Here is my weighted binary cross entropy function for multi-hot encoded labels.

import tensorflow as tf
import tensorflow.keras.backend as K
import numpy as np
# weighted loss functions


def weighted_binary_cross_entropy(weights: dict, from_logits: bool = False):
    '''
    Return a function for calculating weighted binary cross entropy
    It should be used for multi-hot encoded labels

    # Example
    y_true = tf.convert_to_tensor([1, 0, 0, 0, 0, 0], dtype=tf.int64)
    y_pred = tf.convert_to_tensor([0.6, 0.1, 0.1, 0.9, 0.1, 0.], dtype=tf.float32)
    weights = {
        0: 1.,
        1: 2.
    }
    # with weights
    loss_fn = get_loss_for_multilabels(weights=weights, from_logits=False)
    loss = loss_fn(y_true, y_pred)
    print(loss)
    # tf.Tensor(0.6067193, shape=(), dtype=float32)

    # without weights
    loss_fn = get_loss_for_multilabels()
    loss = loss_fn(y_true, y_pred)
    print(loss)
    # tf.Tensor(0.52158177, shape=(), dtype=float32)

    # Another example
    y_true = tf.convert_to_tensor([[0., 1.], [0., 0.]], dtype=tf.float32)
    y_pred = tf.convert_to_tensor([[0.6, 0.4], [0.4, 0.6]], dtype=tf.float32)
    weights = {
        0: 1.,
        1: 2.
    }
    # with weights
    loss_fn = get_loss_for_multilabels(weights=weights, from_logits=False)
    loss = loss_fn(y_true, y_pred)
    print(loss)
    # tf.Tensor(1.0439969, shape=(), dtype=float32)

    # without weights
    loss_fn = get_loss_for_multilabels()
    loss = loss_fn(y_true, y_pred)
    print(loss)
    # tf.Tensor(0.81492424, shape=(), dtype=float32)

    @param weights A dict setting weights for 0 and 1 label. e.g.
        {
            0: 1.
            1: 8.
        }
        For this case, we want to emphasise those true (1) label, 
        because we have many false (0) label. e.g. 
            [
                [0 1 0 0 0 0 0 0 0 1]
                [0 0 0 0 1 0 0 0 0 0]
                [0 0 0 0 1 0 0 0 0 0]
            ]

        

    @param from_logits If False, we apply sigmoid to each logit
    @return A function to calcualte (weighted) binary cross entropy
    '''
    assert 0 in weights
    assert 1 in weights

    def weighted_cross_entropy_fn(y_true, y_pred):
        tf_y_true = tf.cast(y_true, dtype=y_pred.dtype)
        tf_y_pred = tf.cast(y_pred, dtype=y_pred.dtype)

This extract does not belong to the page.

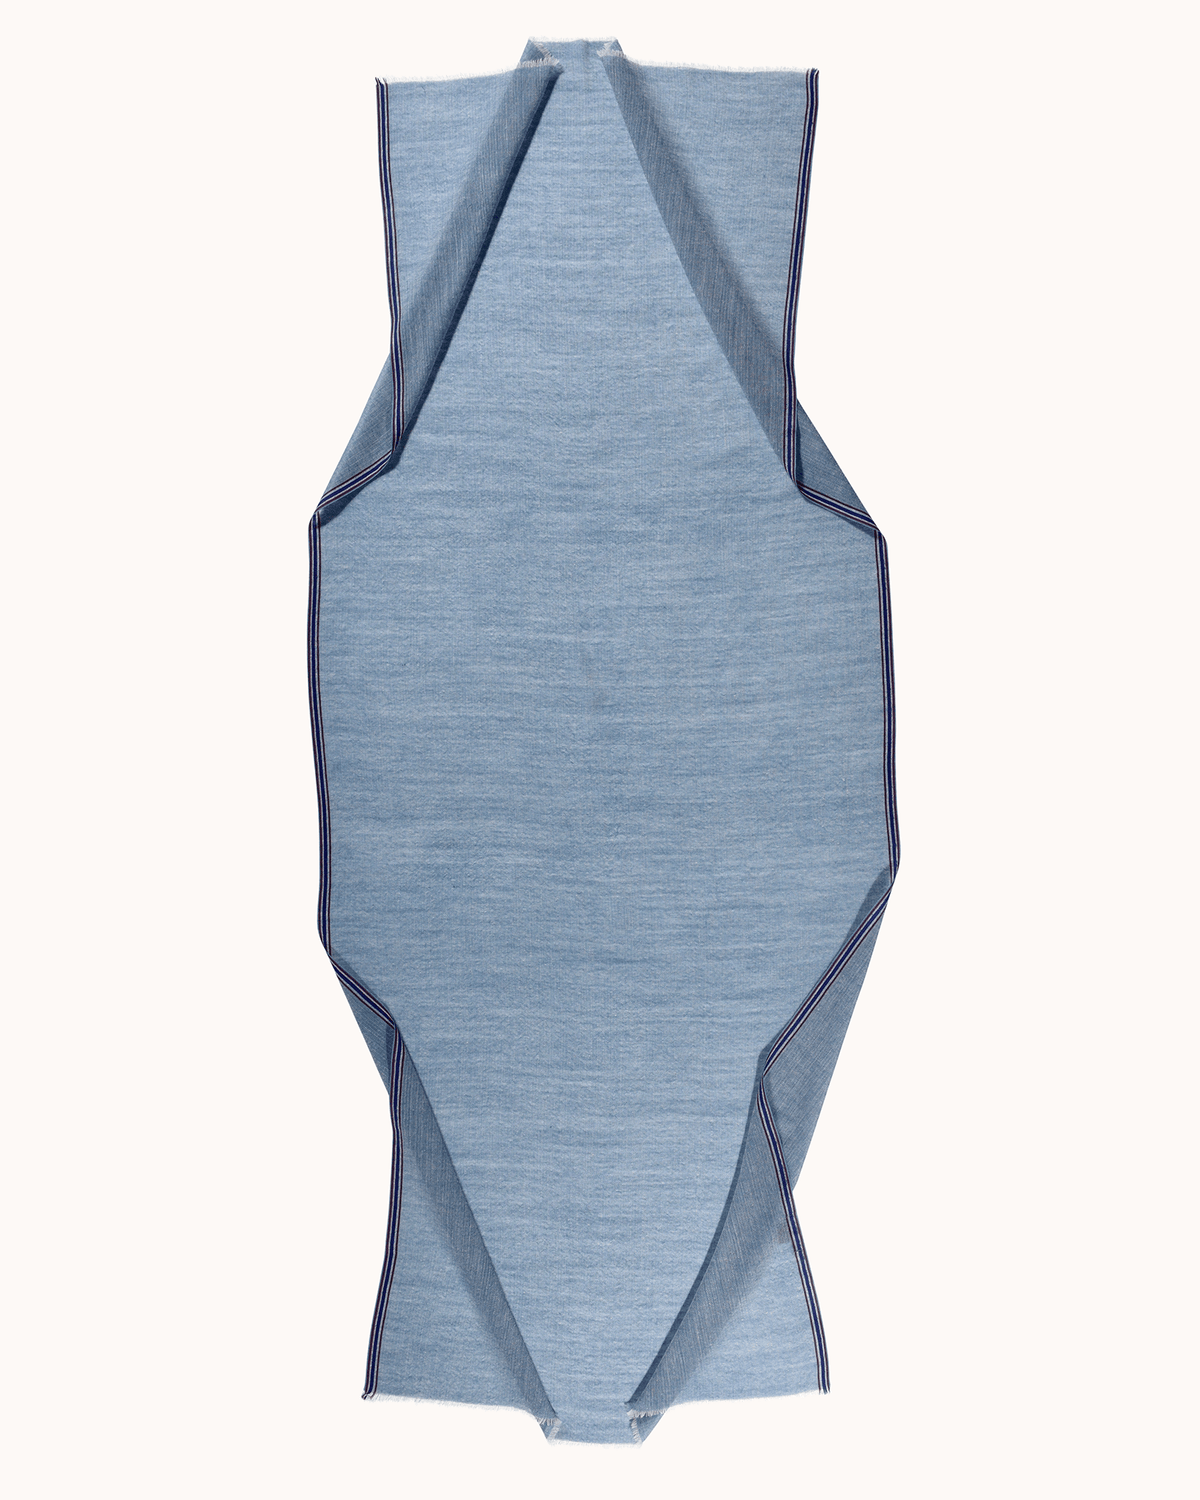 Épice Accessories Blue Shade Uni 3 Scarf in Blue Shade

        weights_v = tf.where(tf.equal(tf_y_true, 1), weights[1], weights[0])
        weights_v = tf.cast(weights_v, dtype=y_pred.dtype)
        ce = K.binary_crossentropy(tf_y_true, tf_y_pred, from_logits=from_logits)
        loss = K.mean(tf.multiply(ce, weights_v))
        return loss

    return weighted_cross_entropy_fn
0
Pablo Pérez-Núñez On

For me, the best way to do it is this:

def custom_weighted_binary_crossentropy(zero_weight, one_weight):

    def weighted_binary_crossentropy(y_true, y_pred):
        y_true = K.cast(y_true, dtype=tf.float32)

        epsilon = tf.keras.backend.epsilon()
        y_pred = tf.clip_by_value(y_pred, epsilon, 1. - epsilon)

        # Compute cross entropy from probabilities.
        bce = y_true * tf.math.log(y_pred + epsilon)
        bce += (1 - y_true) * tf.math.log(1 - y_pred + epsilon)
        bce = -bce

        # Apply the weights to each class individually
        weight_vector = y_true * one_weight + (1. - y_true) * zero_weight
        weighted_bce = weight_vector * bce

        # Return the mean error
        return tf.reduce_mean(weighted_bce)

    return weighted_binary_crossentropy
3
Cheng Yang On

I think using class weight in model.fit is not correct. {0:0.11, 1:0.89}, 0 here is the index, not the 0 class. Keras Documentation: https://keras.io/models/sequential/ class_weight: Optional dictionary mapping class indices (integers) to a weight (float) value, used for weighting the loss function (during training only). This can be useful to tell the model to "pay more attention" to samples from an under-represented class.